--- Exercise goal ---
Once you reach the line containing "Antes de dormir, confirmá" in the data below, restate each line word for word up to and including the one containing "Косуха оверсайз женская, удлиненная".

--- Input records ---
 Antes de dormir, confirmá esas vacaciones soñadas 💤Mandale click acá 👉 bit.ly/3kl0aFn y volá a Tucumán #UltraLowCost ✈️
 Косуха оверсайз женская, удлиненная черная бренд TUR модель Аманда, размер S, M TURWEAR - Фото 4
---
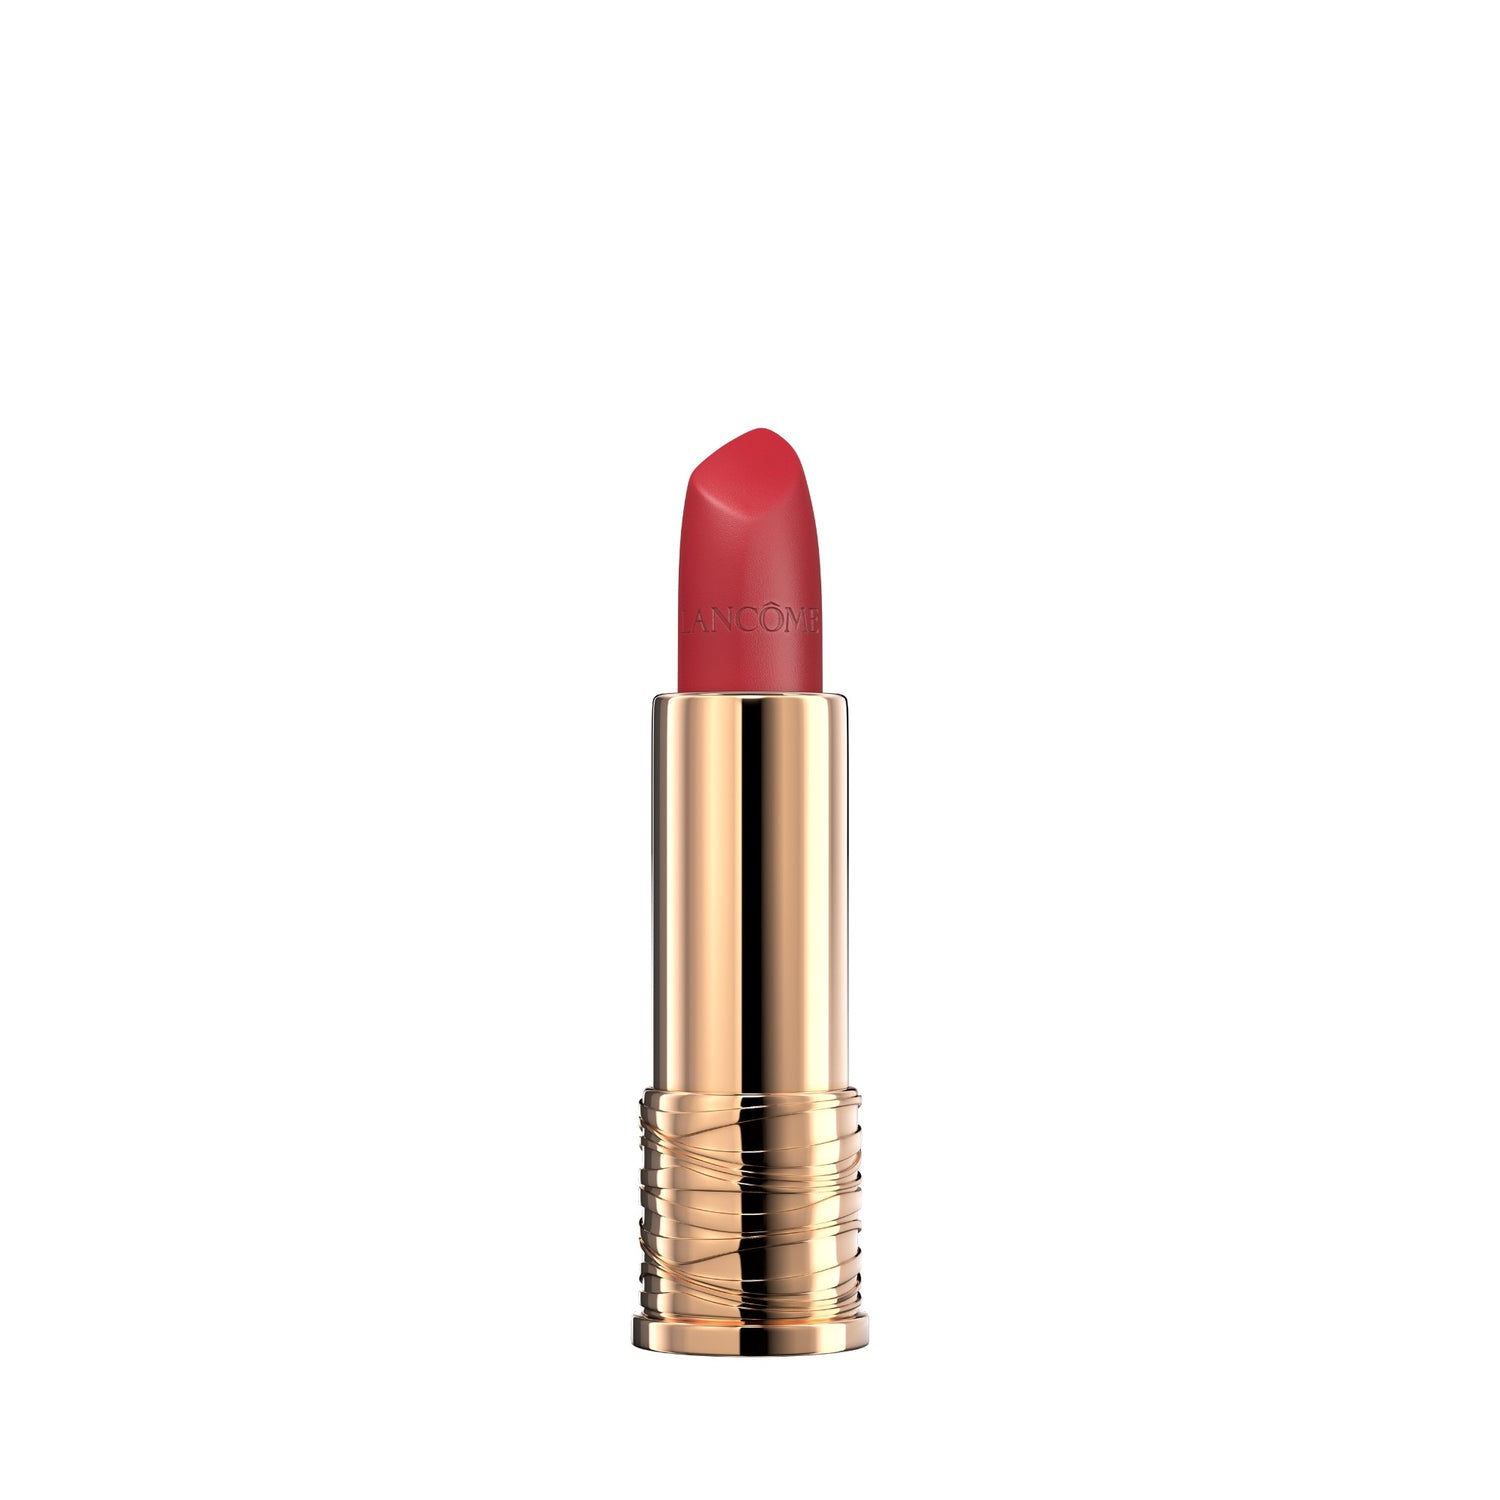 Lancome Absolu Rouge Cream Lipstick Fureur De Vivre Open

--- Exercise solution ---
 Antes de dormir, confirmá esas vacaciones soñadas 💤Mandale click acá 👉 bit.ly/3kl0aFn y volá a Tucumán #UltraLowCost ✈️
 Косуха оверсайз женская, удлиненная черная бренд TUR модель Аманда, размер S, M TURWEAR - Фото 4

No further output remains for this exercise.